DATA:
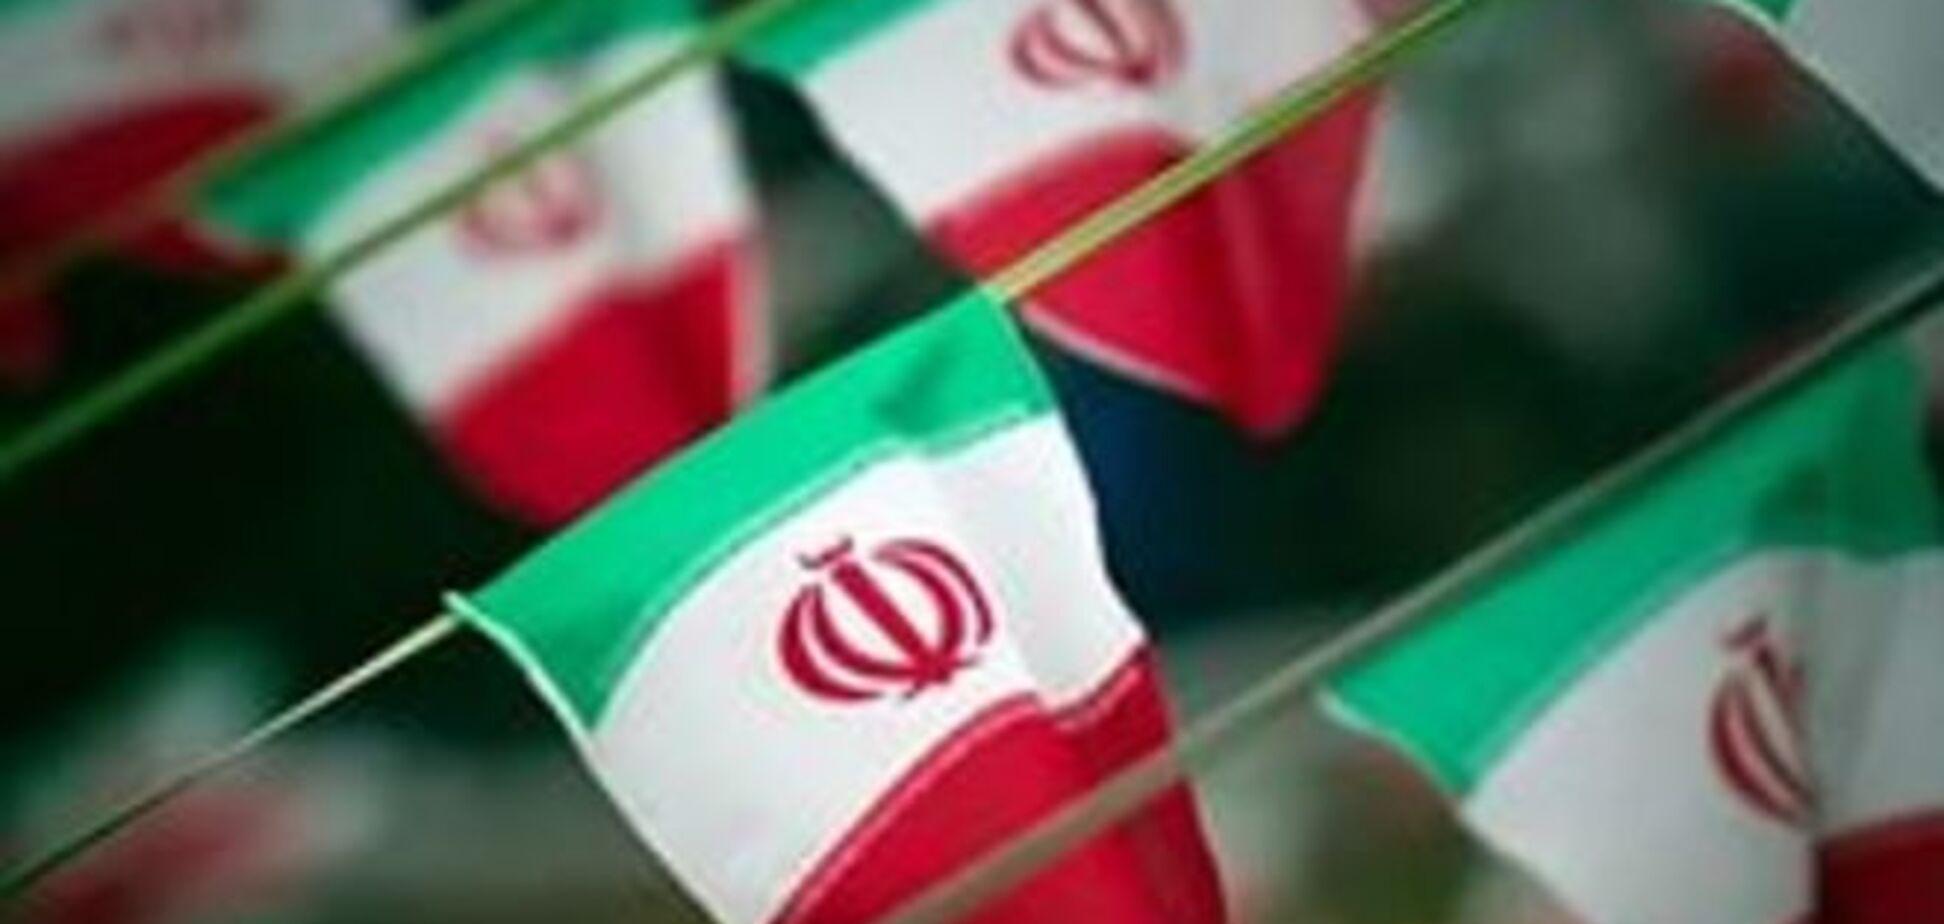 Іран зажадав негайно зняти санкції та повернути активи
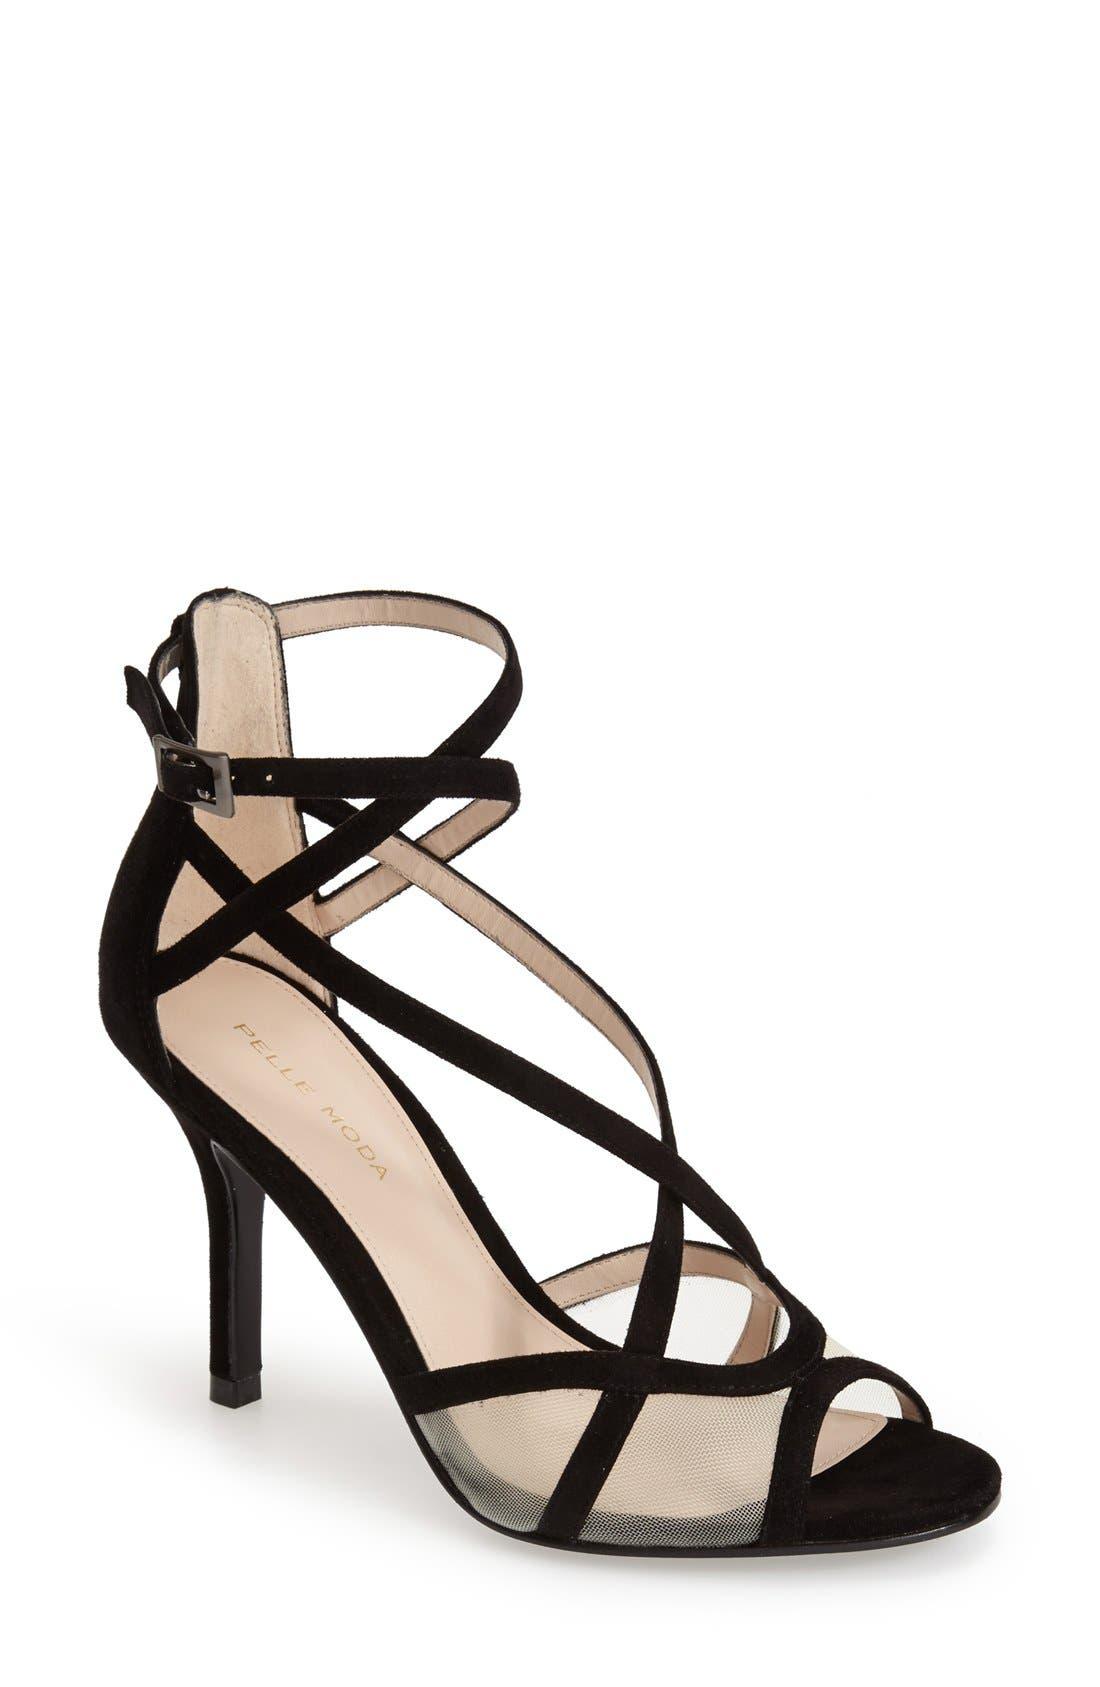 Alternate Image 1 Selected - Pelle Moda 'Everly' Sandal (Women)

--

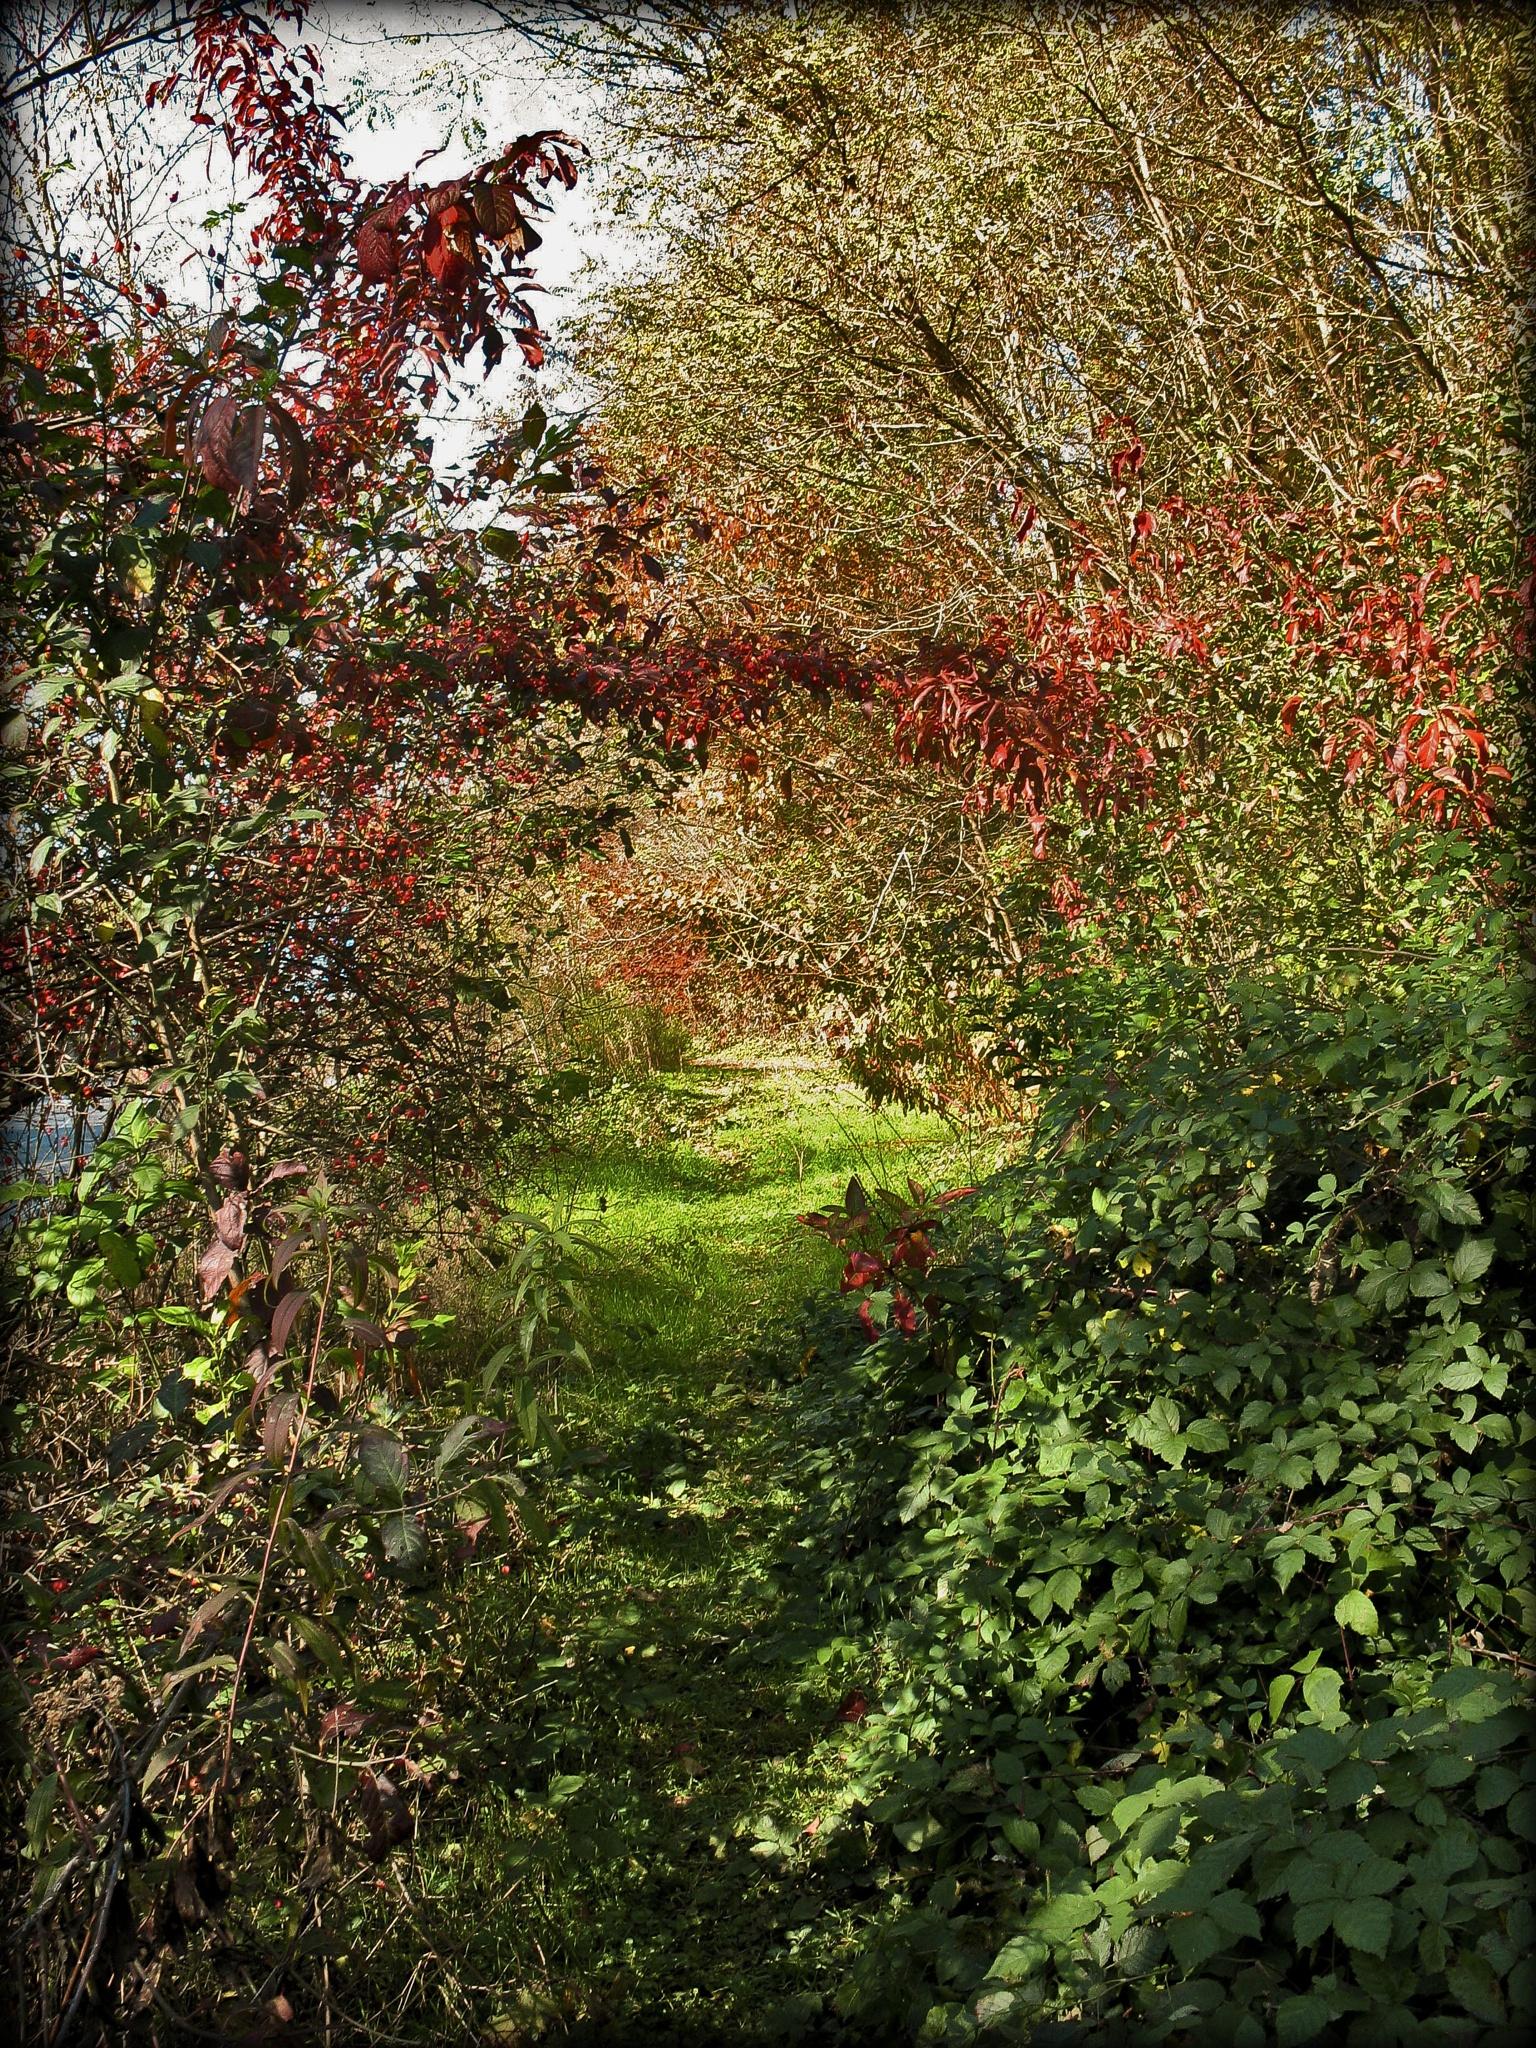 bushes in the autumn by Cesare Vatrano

WORK INSTRUCTIONS: Which part of the entries opens with the line containing "Іран зажадав негайно" and closes with the line containing "Alternate Image 1"? Output that part exactly, ends included, pictures excluded.

PROBLEM SOLUTION:
 Іран зажадав негайно зняти санкції та повернути активи
 Alternate Image 1 Selected - Pelle Moda 'Everly' Sandal (Women)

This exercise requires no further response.